Mexico is suing Ecuador at the world court over the armed raid, saying it violated the Vienna Convention, a United Nations treaty on diplomatic relations. It is asking for Ecuador to be suspended from the UN.

Surveillance footage from the incident showed Ecuadorian police grappling with the Mexican mission’s top diplomat as they arrested Jorge Glas, Ecuador’s former vice president who has been convicted twice for corruption. The incident drew widespread international condemnation, but Ecuador’s President Daniel Noboa remains unrepentant, telling CNN affiliate SBS news that he does not regret how Glas was arrested.

In Tuesday’s hearing, Mexico is seeking provisional measures from the ICJ to ensure that Ecuador “takes appropriate and immediate steps to provide full protection and security of diplomatic premises” and “refrains from any act or conduct likely to aggravate or widen the dispute.”

Provisional measures do not represent a final ruling but function as a kind of restraining order to stop a dispute from escalating while the full case progresses through the court, which could take years.

Meanwhile, Ecuador filed a lawsuit of its own at the ICJ against Mexico over its decision to grant asylum to Glas. Ecuador’s Foreign Ministry said in a statement Monday that Mexico had violated conventions, agreements, and international obligations since Glas became a guest at its embassy in Quito last December and was subsequently granted asylum.

Ecuador also accused Mexico’s President Andrés Manuel López Obrador of interfering in Ecuadorian politics, by making “false and injurious statements” that questioned the legitimacy of last year’s elections, according to its ICJ filing.

The diplomatic spat has seen a host of Latin American leaders across the political spectrum rally around Mexico, and several nations sever ties with Ecuador. It also, once again, puts Ecuador at the center of an international diplomatic crisis years after WikiLeaks founder Julian Assange was ousted from his diplomatic refuge at the Ecuadorian Embassy in London and arrested by British authorities.

When announcing the case, Mexico provided Ecuador an off-ramp, saying it would seek Ecuador’s removal from the UN unless it received a public apology for the raid and reparations, Mexican Foreign Minister Alicia Barcena told a press conference earlier in April. Ecuador has refused to apologize and Noboa told SBS News that his administration is on the “right side of history.”

The Ecuadorian president – the youngest ever elected in the country – has the unenviable position of tackling a years-long security crisis, in which drug cartels have meted out violence with impunity as they battle for prominence. Noboa has put Ecuador in successive states of emergency, and his efforts to clean house appear to have public backing: He won nine out of 11 proposals last week in a referendum for fresh security measures aimed at boosting his war on crime.

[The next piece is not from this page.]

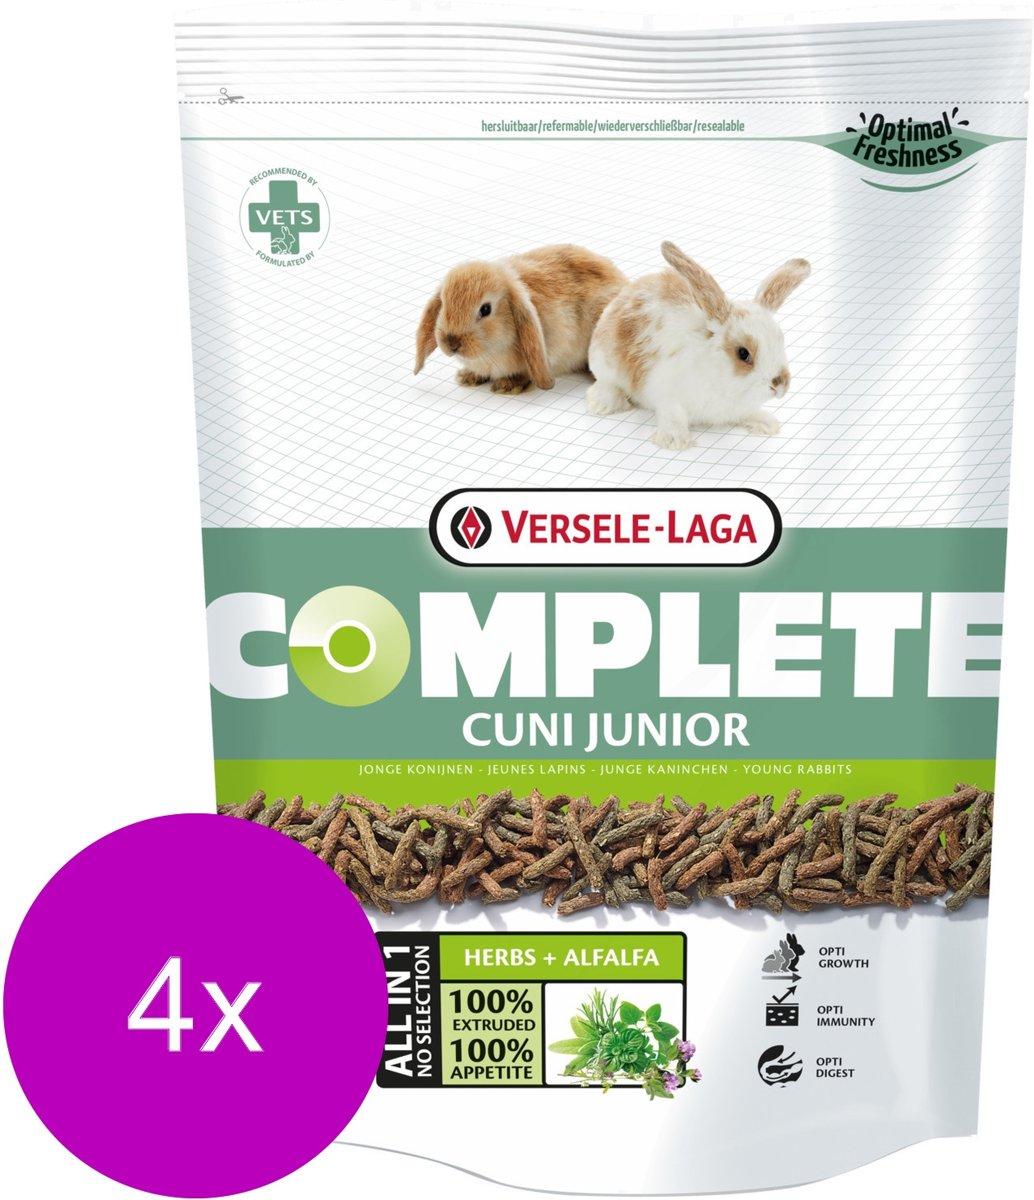 Versele-Laga Complete Cuni Junior - Konijnenvoer - 4 x 500 g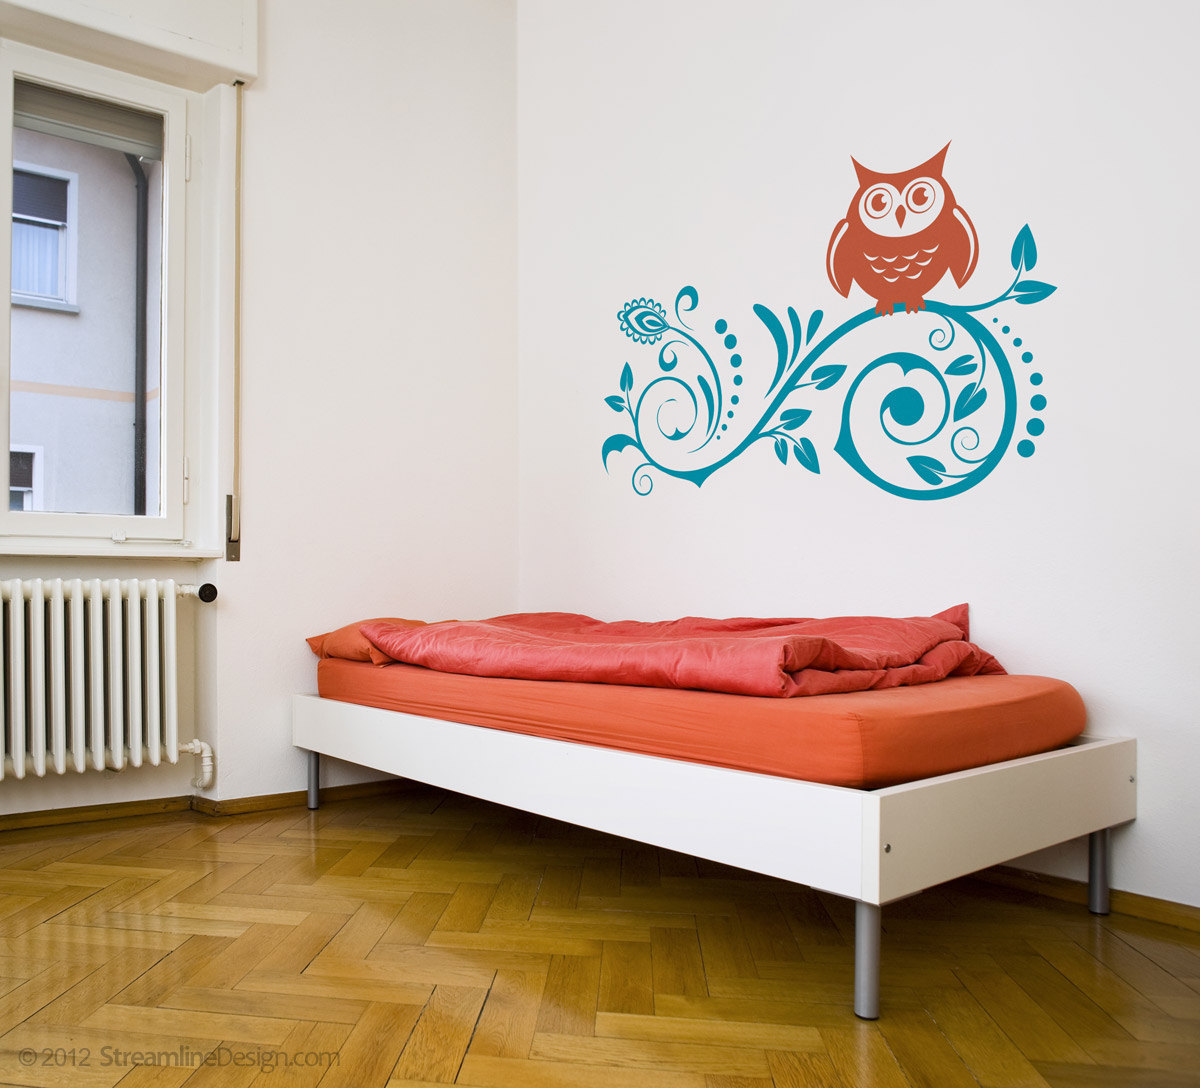 Owl on Floral Scroll Tree Branch.  Decorative Vinyl Wall Art

It may be part of a regional wave of support for tough and even authoritarian crackdowns on crime in Latin America, where popular support has also buoyed the re-election of El Salvador’s Nayib Bukele, who has put roughly 2% of the country behind bars.

At the center of the Ecuador-Mexico stand-off is Glas, who had sought protection from embezzlement charges by requesting asylum in Mexico, saying that the accusations were politically motivated. Glas served under leftist ex-President Rafael Correa between 2013 and 2017.

While Correa is currently living in exile dodging a prison sentence for bribery – which he denies – his party remains the largest bloc in the National Assembly, and perhaps reflects an old guard in the country that Noboa is keen to do away with.